Equally telling is the lengthier Non-Fiction, the story of struggling documentary film-maker Toby Oxman (Paul Giamatti), who sets out to make a fly-on-the-wall study of an average American family, focusing on their eldest son, teenage slacker Scooby (Mark Webber). Undoubtedly an alter-ego for Solondz himself (who, like Toby, sports a wispy hairstyle and goofy glasses), the unsuccessful Oxman eventually achieves success at the expense of his subjects – who are greeted with howls of derision from the audience watching the resulting film. Called American Scooby, Oxman's doc is a thinly-veiled reference to Chris Smith's highly-praised study of a Midwestern wannabe horror director, American Movie. Solondz denies that he is attacking Smith himself but is instead commenting on "the nature of documentary film-making", partly as a response to audience misinterpretation.

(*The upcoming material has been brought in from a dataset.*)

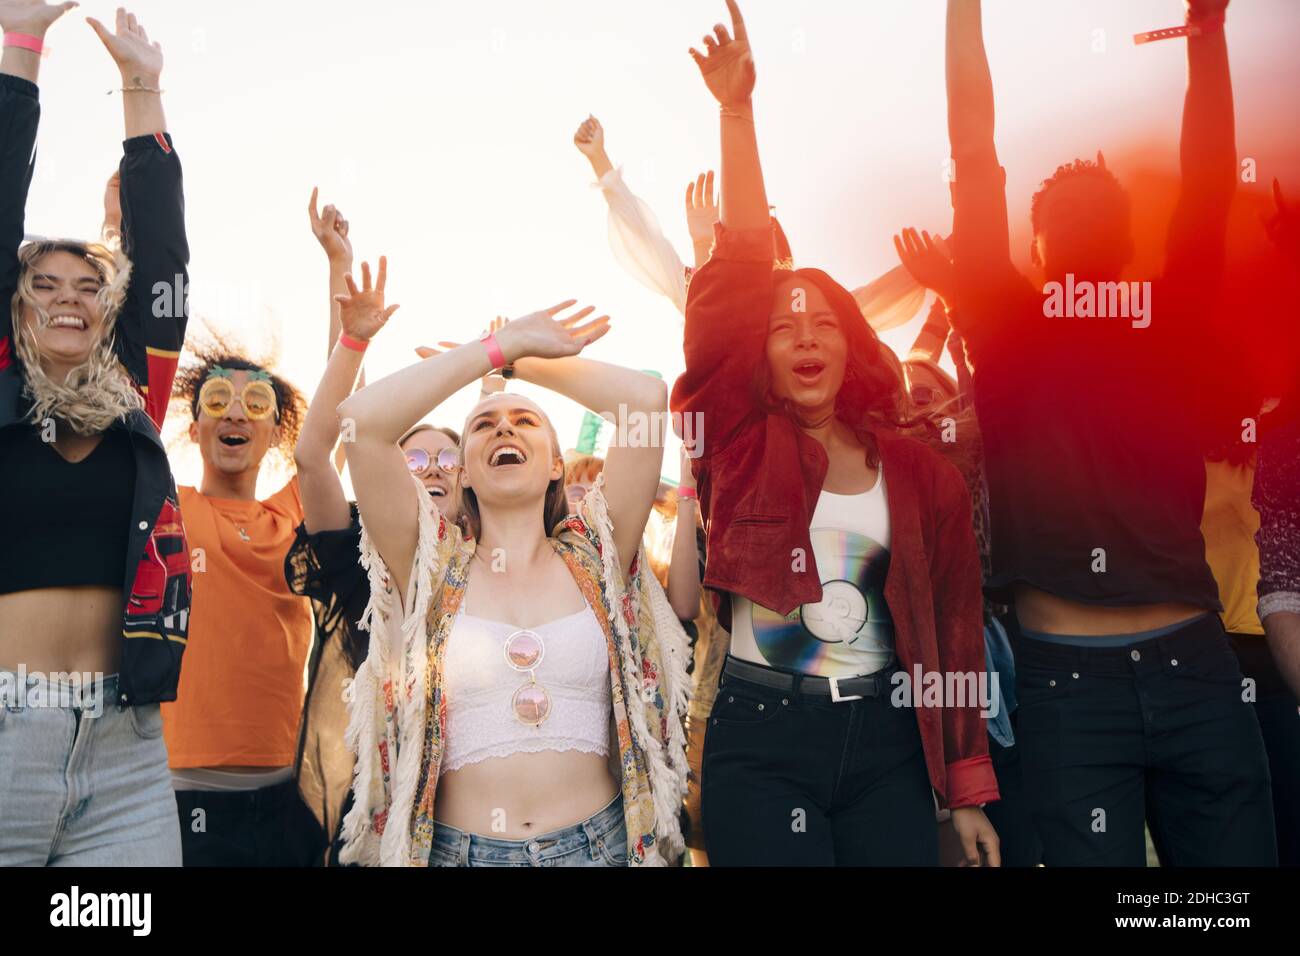 Alegres fans gritando con los brazos levantados contra el cielo durante el verano Foto de stock

"The audience that I saw American Movie with were laughing quite a bit," he says. "Some of it is funny, but at a certain point it became a little bit disconcerting. I didn't like this audience." It was, he says, largely made up of college undergrads, afflicted by a superiority complex higher education can engender. "It's something we've all been through. You feel incredibly smart and sophisticated [at college], as you read these big books that seem very intimidating, and you go to movies now with a different attitude to show how smart, hip and 'inside' you are." While this may be true, the fact that Solondz casts Mike Schank (one of the true-life subjects of American Movie) in a cameo role, smacks of entrapment, as those "inside" enough to get the reference are automatically condemned as smug in Solondz's eyes.

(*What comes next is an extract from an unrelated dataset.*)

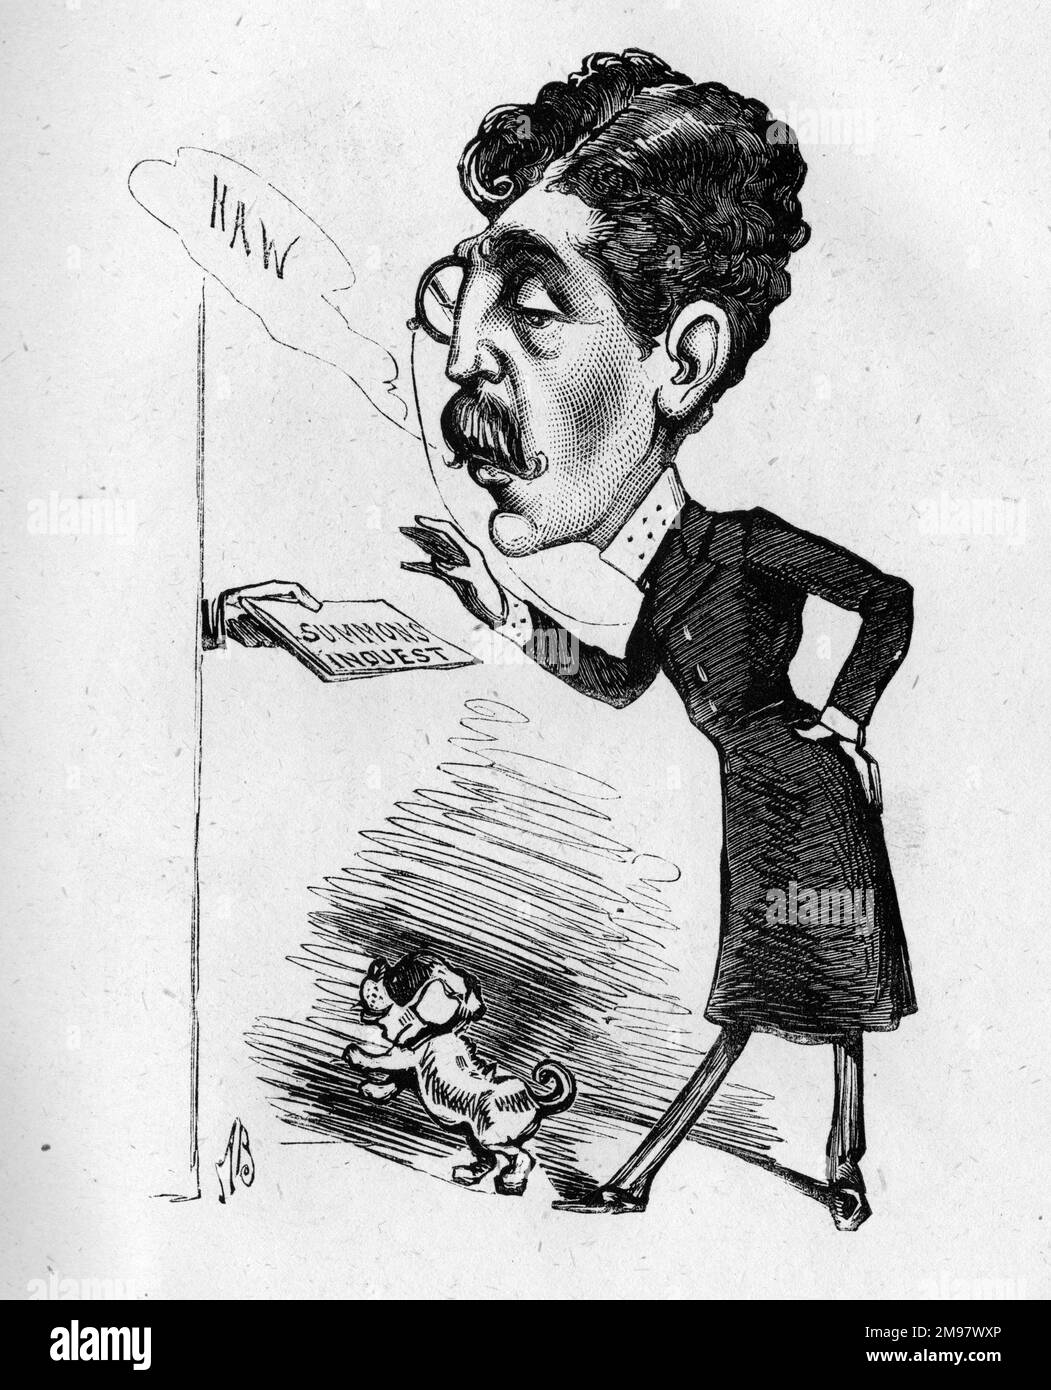 Caricatura del actor y gerente inglés Sir Squire Bancroft (1841-1926) -- ¡La idea de convocar a un actor de la sociedad como un jurado en una investigación de forense! Foto de stock

"My movies are not for everyone – especially people who like them," he says. Shocked by the response of some misguided fans of Happiness, who congratulated him for "funny" sequences that involved child abuse, Solondz knows he's playing a dangerous game. "Sometimes people don't read the movie in the way you intended," he says. "I understand it's a risk that I take with the subject-matter and the approach that I have – but I don't really know what to do about that." More straight-forward, however, is the brief but vicious parody of the infamous "paper-bag" scene from Sam Mendes' American Beauty: "I'm always very respectful of my peers, but some journalist told me that Sam Mendes was putting down Happiness, so I felt I had carte blanche to respond." Just as Storytelling plays, in part, as a response to the furore surrounding Happiness, it will be interesting to see how Solondz deals with the reaction to Storytelling. Already notorious for the aforementioned sex scene, the US release of the film in February will see a large red box on the screen obscuring the act – censorship employed at the behest of the distributor New Line to achieve an R-rating and which Solondz believes acts as a statement in his favour.

The production was also beset by internet-fuelled rumours from the outset: chiefly, that the film was conceived as a triptych and Solondz later ditched the third part (in fact, only a two-minute epilogue was jettisoned). Heather Matarazzo, the star of his sophomore breakthrough movie, the 1995 high school-set Welcome to the Dollhouse, was also said to be involved – and then cut. Solondz clarifies she was never in the film, after the pair had "creative differences". More viciously, Dawson's Creek star James Van Der Beek was labelled homophobic, after web-gossips speculated that the reason his role in Fiction wound up being snipped was because he objected to appearing in a gay sex scene.

Honest, and undoubtedly powerful, if only for the brutal scenes of victim-revenge, Storytelling stinks of self-doubt, as Solondz tries to come to terms with his own success – and at whose expense this has been achieved. "There's much more spotlight on me now," he sighs. "I think I have to go to a lower level. This is a little big for me."